There is no error while running the code in jupyter notebook but I am not getting any output. Any help at the earliest would be appreciated.

Reply
- Jason Brownlee January 27, 2020 at 7:00 am #
  
  Perhaps try running the code from the command line instead:
  https://machinelearningmastery.com/faq/single-faq/how-do-i-run-a-script-from-the-command-line
  
  Reply
Kőrösi Gábor January 31, 2020 at 8:46 am #

Hi. There! I want to use Matterport Mask RCNN -model/Github repo for commercial use. It is open source project, or there is some limitation about this solution?

Reply
- Jason Brownlee January 31, 2020 at 2:05 pm #
  
  Yes, I believe you can use it directly. Here is the license:
  https://github.com/matterport/Mask_RCNN/blob/master/LICENSE
  
  Reply
Akshay February 18, 2020 at 2:53 am #

Trying to do a custom training using Maskrcnn. training is happening but currently run int an error:

‘Cannot stop profiling. No profiler is running.’)
ProfilerNotRunningError: Cannot stop profiling. No profiler is running.

I guess its something related path defined like forward \ backward slashes but not sure how to fix it.
I am using anaconda,tensorflow 2.0 cpu and OS:Windows 10.

I tried to change the file which is
log_dir=’logs’ to log_dir=’.\\logs’, in callbacks.py…but definetly not the right way.
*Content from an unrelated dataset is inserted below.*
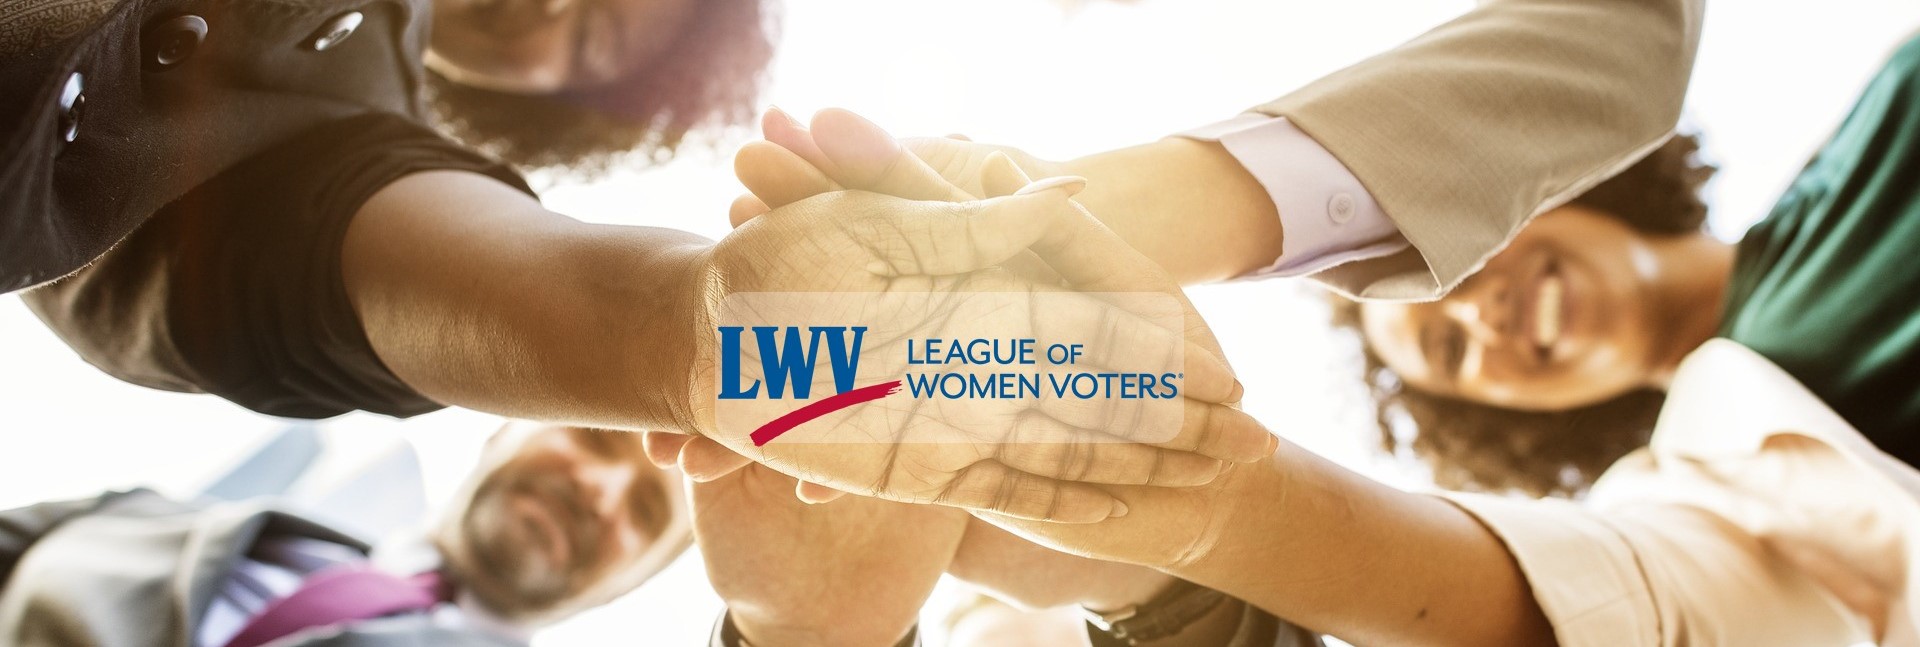 League of Women Voters | image of 4 people extending arms, hands stacked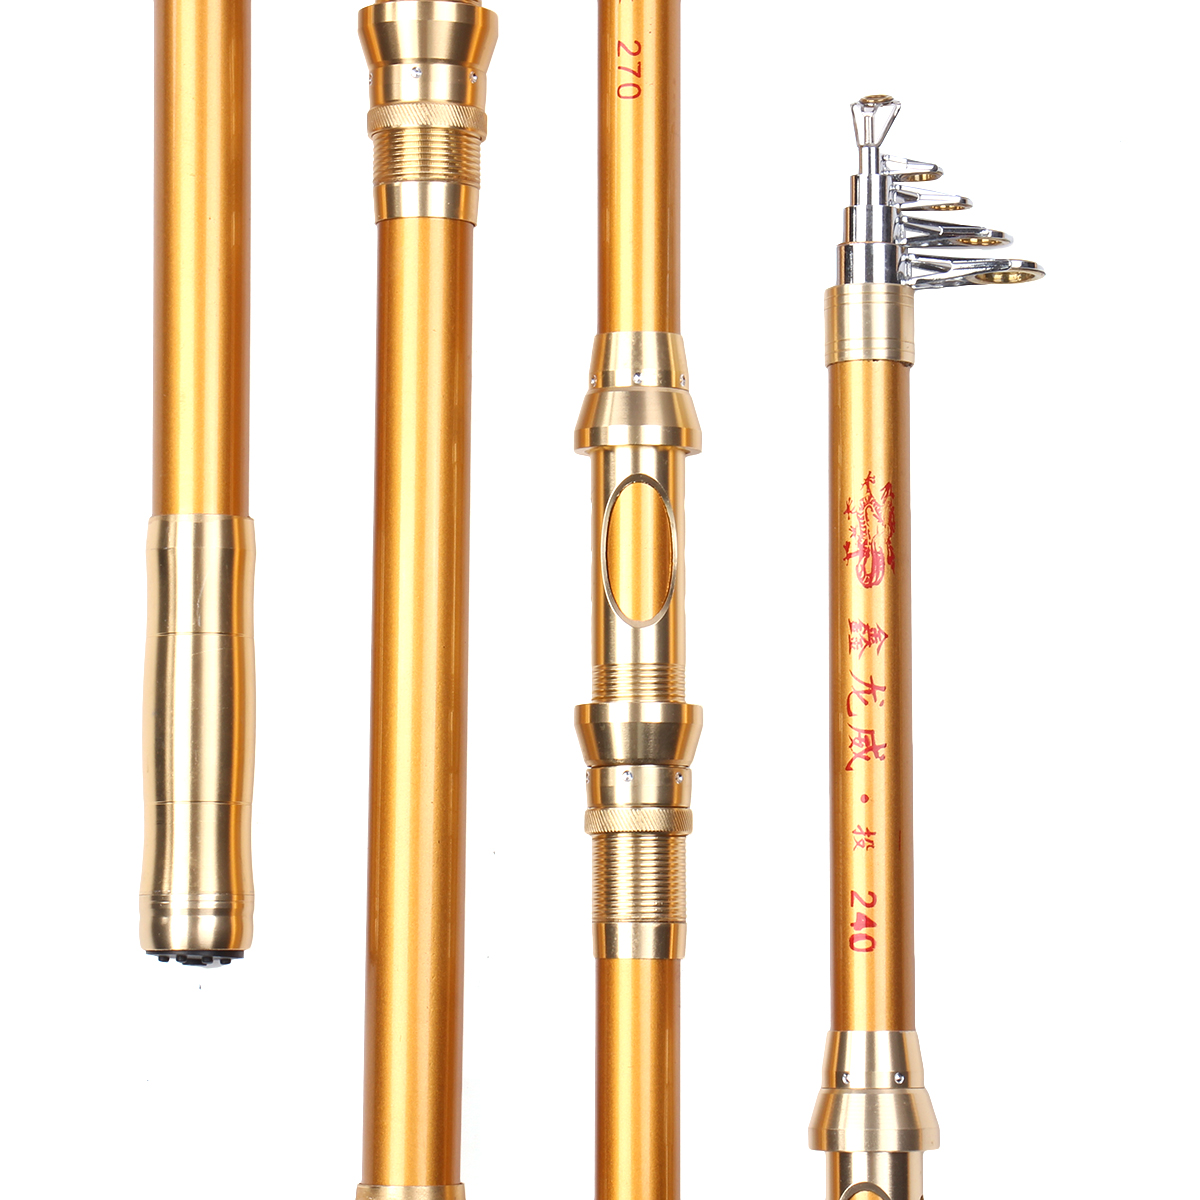 2124273036M-Telescopic-Fishing-Rod-Ultra-light-and-Sturdy-Long-distance-Casting-Rod-Outdoor-Fishing--1889795-14

Looking for a solution . Please help me out

Reply
- Jason Brownlee February 18, 2020 at 6:23 am #
  
  Mask RCNN does not support tensorflow 2 at this stage. Perhaps downgrade to tensorflow 1.15.
  
  Reply
- Siddhant May 31, 2020 at 6:43 pm #
  
  Hello Jason,
  Thanks for the most helpful and top notch. Your efforts means a lot to me
  Just had a question, how can i get the prediction or classification rate n display it?
  Also how can i plot mrcnn losses n validation losses?
  
  Reply
  - Jason Brownlee June 1, 2020 at 6:19 am #
    
    You’re welcome.
    
    You can evaluate your model on a test dataset, e.g. make predictions for each example in the test set, then calculate classification accuracy. Recall, that maskrcnn does not simply do image classification, it does object detection, so you instead use a measure that captures whether it localized the object in each photo.
    
    Reply
    - Siddhant June 1, 2020 at 8:25 am #
      
      Yes already evalulated my model on test dataset
      Got r[‘scores’]>0.9
      Is this the prediction rate???
      
      How do u calculate classification accuracy?
      
      Thank you.
      
      Reply
      - Siddhant June 1, 2020 at 8:26 am #
        
        The scores printed near the mask of the detected object along the object name i.e gun in my case
      - Siddhant June 1, 2020 at 8:29 am #
        
        That means similar to the value that is printed (1.000) in the top left corner of bounding box along with ‘elephant’ in your tutorial
      - Jason Brownlee June 1, 2020 at 1:39 pm #
        
        Accuracy is inappropriate for object detection, use mean average precision mAP.
Sappy February 23, 2020 at 2:48 pm #

Awesome tutorial Jason.

I’m getting the following error even after setting up and installing all the requirements as instructed by you in step 1.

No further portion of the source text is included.